There's no such thing as "objective evidence".
Objective evidence does exist, and is evidence that remains true irrespective of perspective.
The interpretation of that evidence might be subjective, but the evidence itself can be objective.
Evidence by its very nature is a fact or measurement interpreted to prove a specific theory or hypothesis.
Yes, and here you need to distinguish between the measurement (the evidence) and the interpretation of that evidence.
For example, a murder victim may have DNA evidence of her husband on her body. But that doesn't mean he killed her.
Indeed. The objective evidence here is that the victim had a certain person's DNA on her body. Does anyone dispute that evidence? Does the evidence hold true irrespective of the perspective? Yes.
The interpretation (that the husband therefore killed the victim) is subjective, but the interpretation is not the evidence.
He's her husband afterall. Evidence is not objective. It is a spinning of data to support a preconclusion. It only makes sense in a given explanatory context. It doesn't exist in itself.

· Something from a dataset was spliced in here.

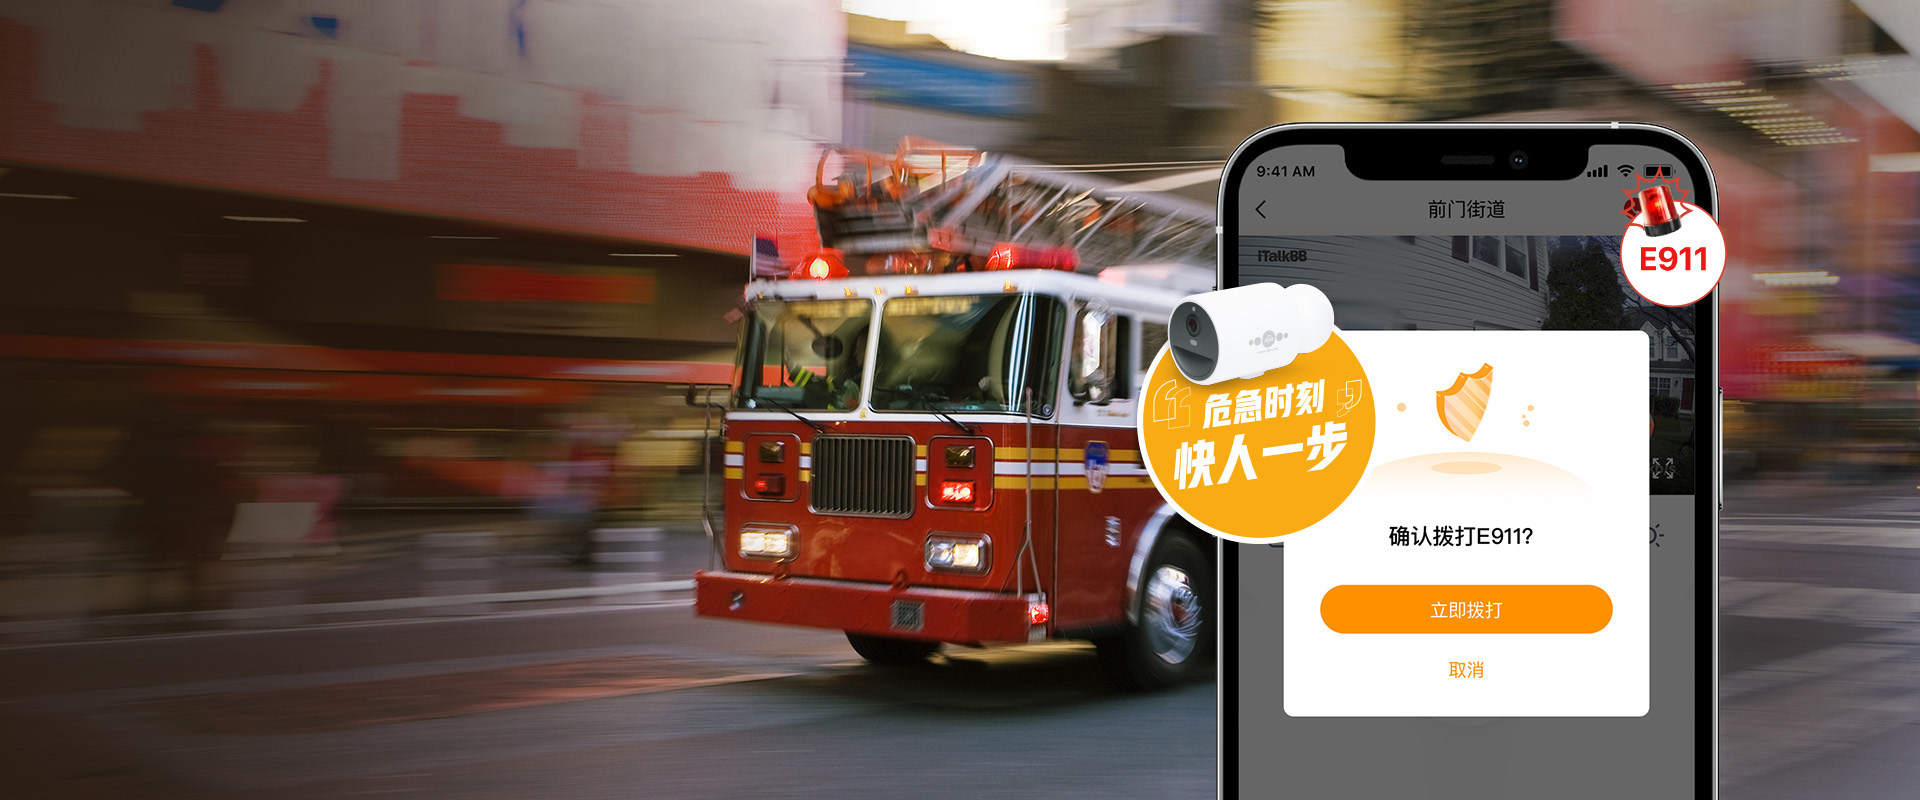 911报警，红色消防车，AIjia智能家庭安防E911一键报警功能 ，家庭安防App

You need to distinguish between the evidence and the interpretation thereof. Objective evidence is the fact.
Your example might also just be highlighting the difference in usage of the term in science compared to a court of law. In science the evidence is simply the measurement, the data, the fact. The hypothesis is the explanation that uses and fits with the evidence. If it doesn't fit with the evidence then the hypothesis is flawed and will be discarded.
In law, evidence is that which is used to support a case, so is often cherry-picked to support a particular story that the defence or claimant is working to, but there is no need for the conclusions to be sound and valid, it merely need be "beyond reasonable doubt" in the eyes of the jury etc. but the jury have no requirement to use anything but their own gut feel, prejudice, ignorance, emotion.
But in both cases the evidence can be objective, and it is the subsequent interpretation of that evidence that is subjective.